Still, the early days of silent film, when technology was simple and cheap, actually saw movies being made by Native Americans about Native Americans depicting the realities of their lives at the time. It wasn't until the "talkies," and more specifically Westerns, came along that the problems began. Diamond himself talks about how as a young kid the only movies he saw on his reserve were the ones shown in a church basement on Saturday afternoons and how he and his friends would never identify with the Indians on the screen when a Western was shown. First of all none of them wore feather headdresses or rode horses, and secondly, who'd want to be the bad guy?
Ah, but that's the past you say, and things have changed since then. Look at Dances With Wolves with its sympathetic portrayal of the Lakota, for example.
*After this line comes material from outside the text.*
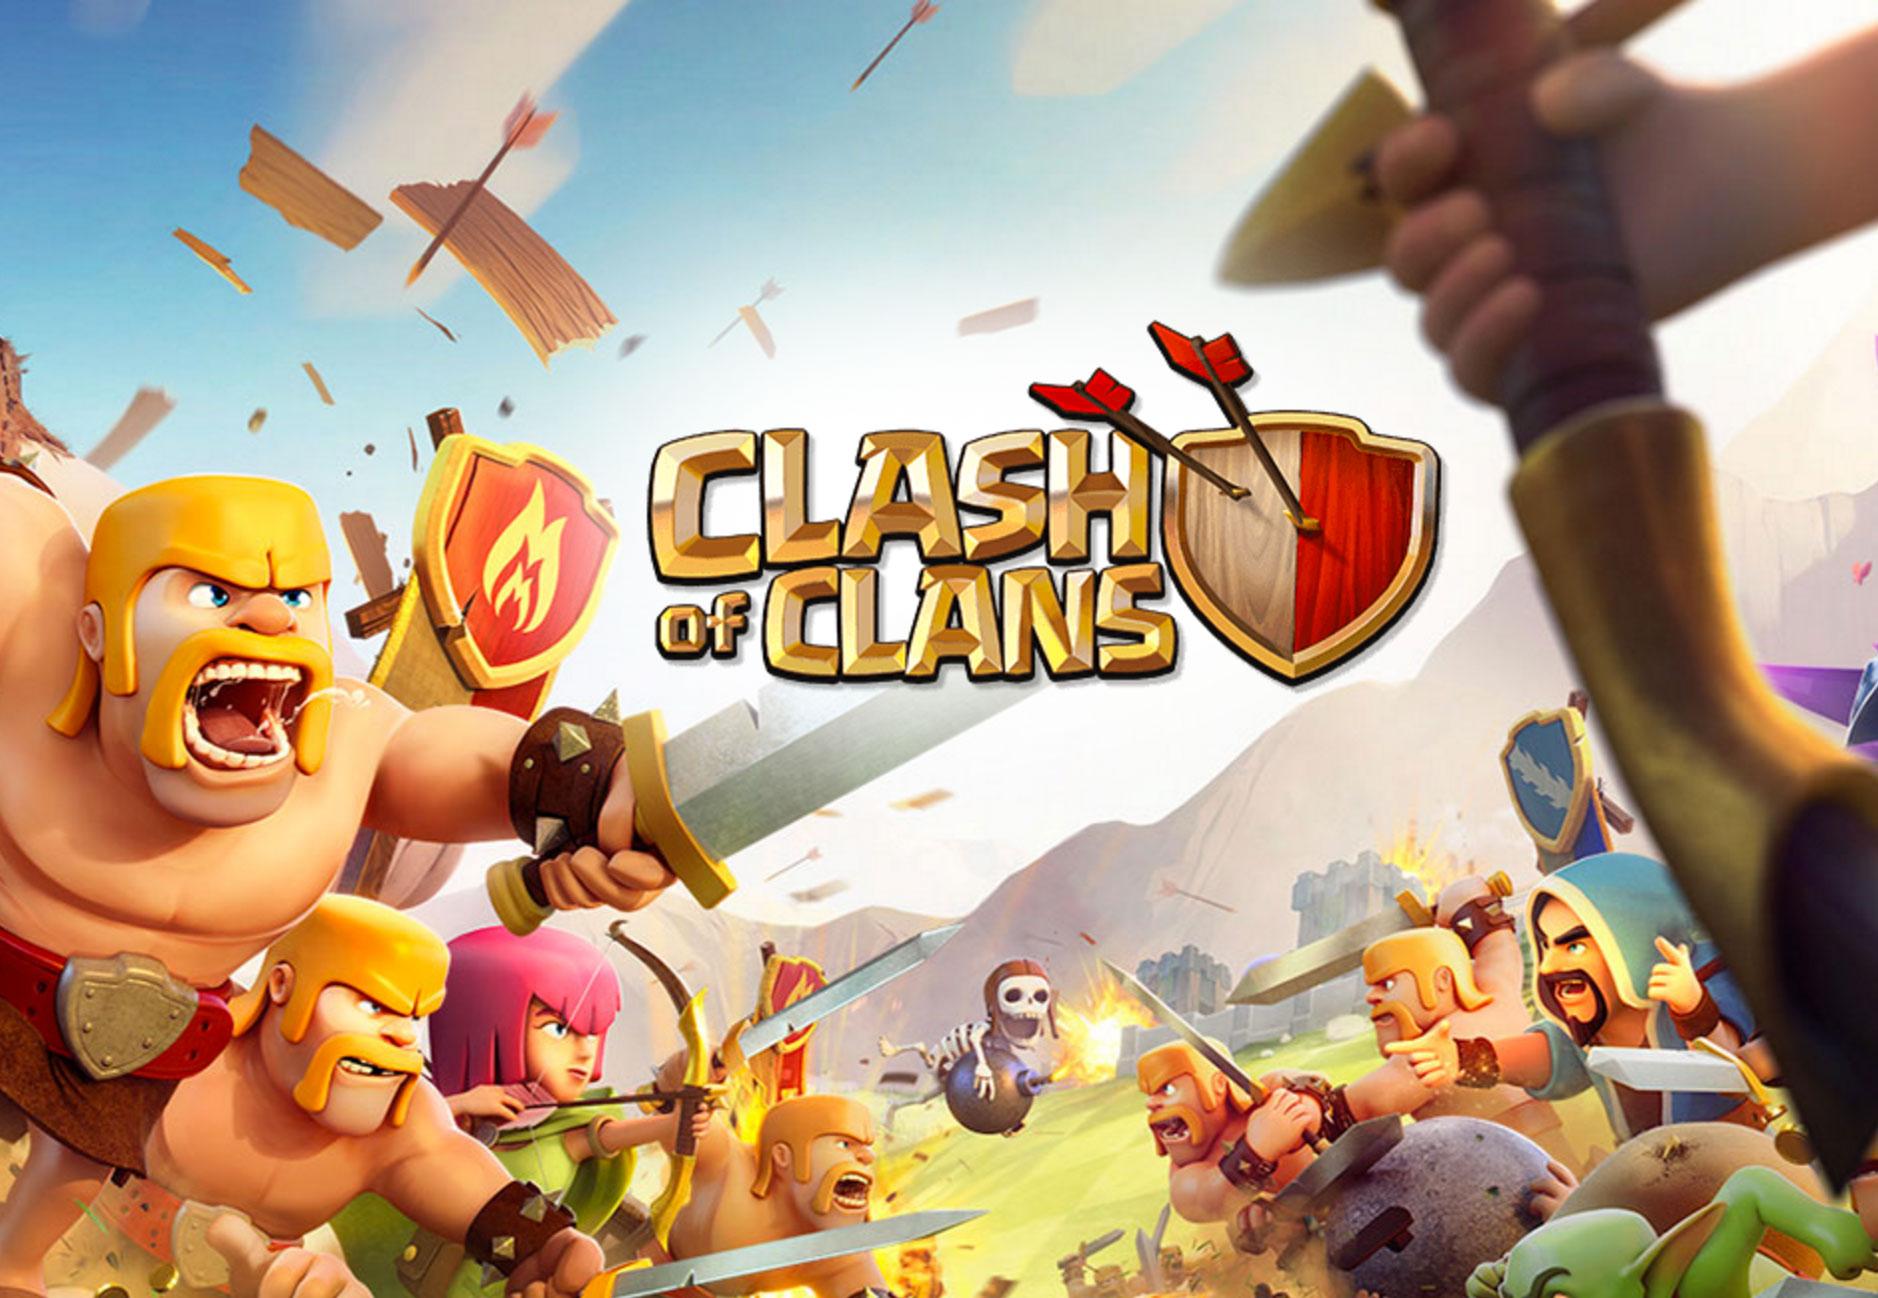 Daftar Akun Clash Of Clans Gratis Terbaru 2020
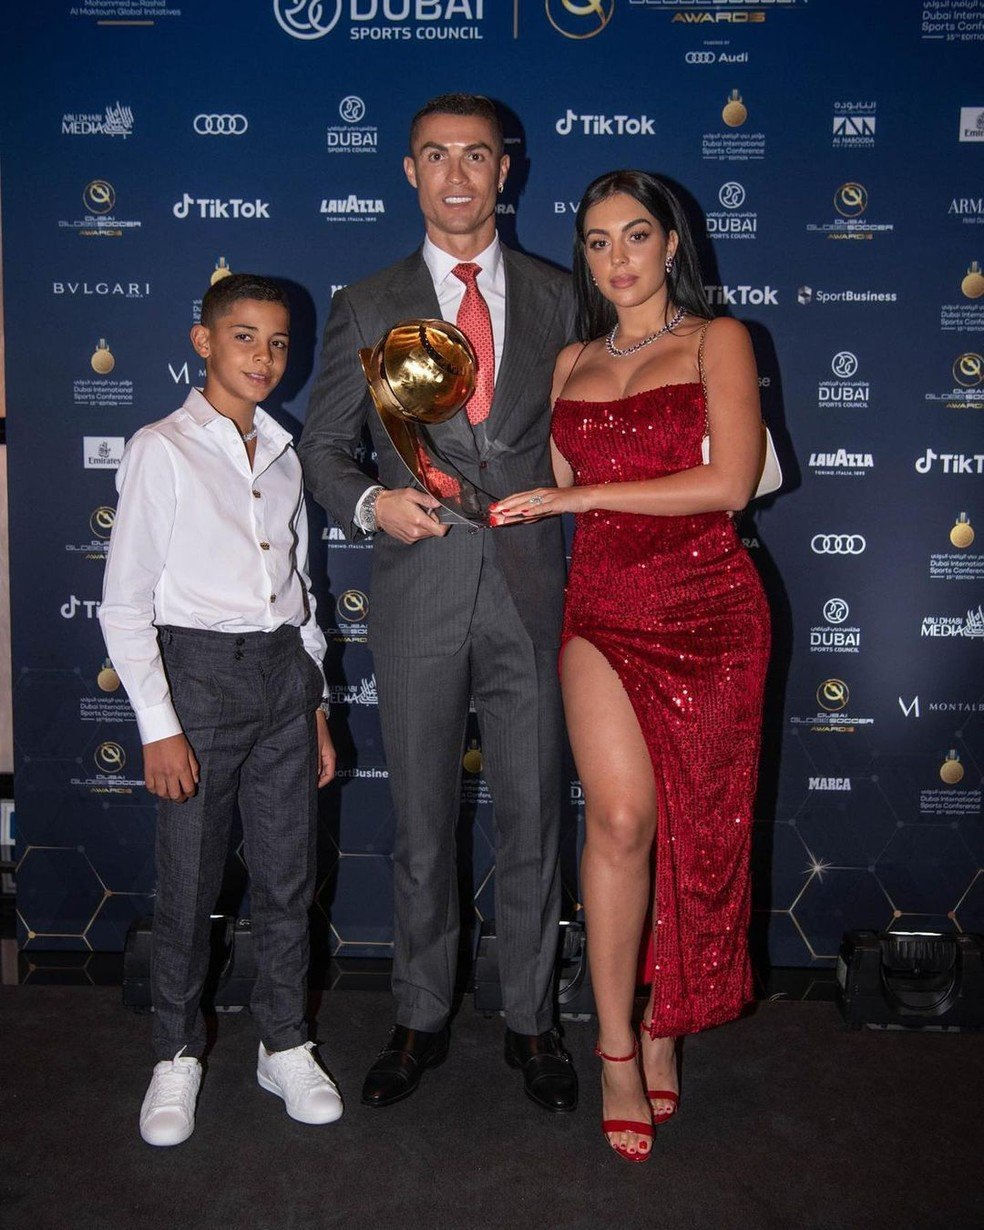 Cristiano Ronaldo ao lado do filho e da esposa Georgina - Foto: Reprodução/Instagram

While it's true, according to some of the film critics interviewed in Reel Injun, that it was a watershed in the way it depicted Native Americans as multi-dimensional humans, it was still an outsider's view of what Native life was like, and a distorted one at that, according to some. Russell Means, a Lakota and former leader in the American Indian Movement, was offended by the depiction of his nation requiring some "white guy with a mullet" to teach them how to fight. The people who defeated Custer at Big Horn didn't need "Lawrence of the Plains" to teach them anything.
In fact, while most interviewed agreed, including Clint Eastwood, John Trudell, and Native film critic Jesse Wente, individual performances by people like Chief Dan George, Graham Greene, and Gary Farmer were invaluable in changing people's perceptions of the one-dimensional stoic Indian, it wasn't until Native Americans began making films about Native Americans that real change occurred. Smoke Signals, based on a story by Sherman Alexie and directed by Chris Eyre, was set on the Spokane reservation in the state of Washington. Nobody was wearing feathers, riding a horse or talking in pidgin English. The characters lived in the modern world and dealt with the day to day shit that concerns most Native Americans today.
However, even Eyre says that his movie was made with the wider world in mind, and not until the release of The Fast Runner by Inuk director Zacharias Kunuk was there was a film by, about, and for Native people in North America. Winner of the Camera d'Or for Best Feature Film at the Cannes Film Festival in 2001, Fast Runner was set a thousand years ago among the people of the far north. Shot entirely in the language of the people, it was a gritty and real representation of what life was like in the days before contact with Europeans. There was nothing glamourous or holy about the life depicted — it was just who they were and what they had to do in order to survive.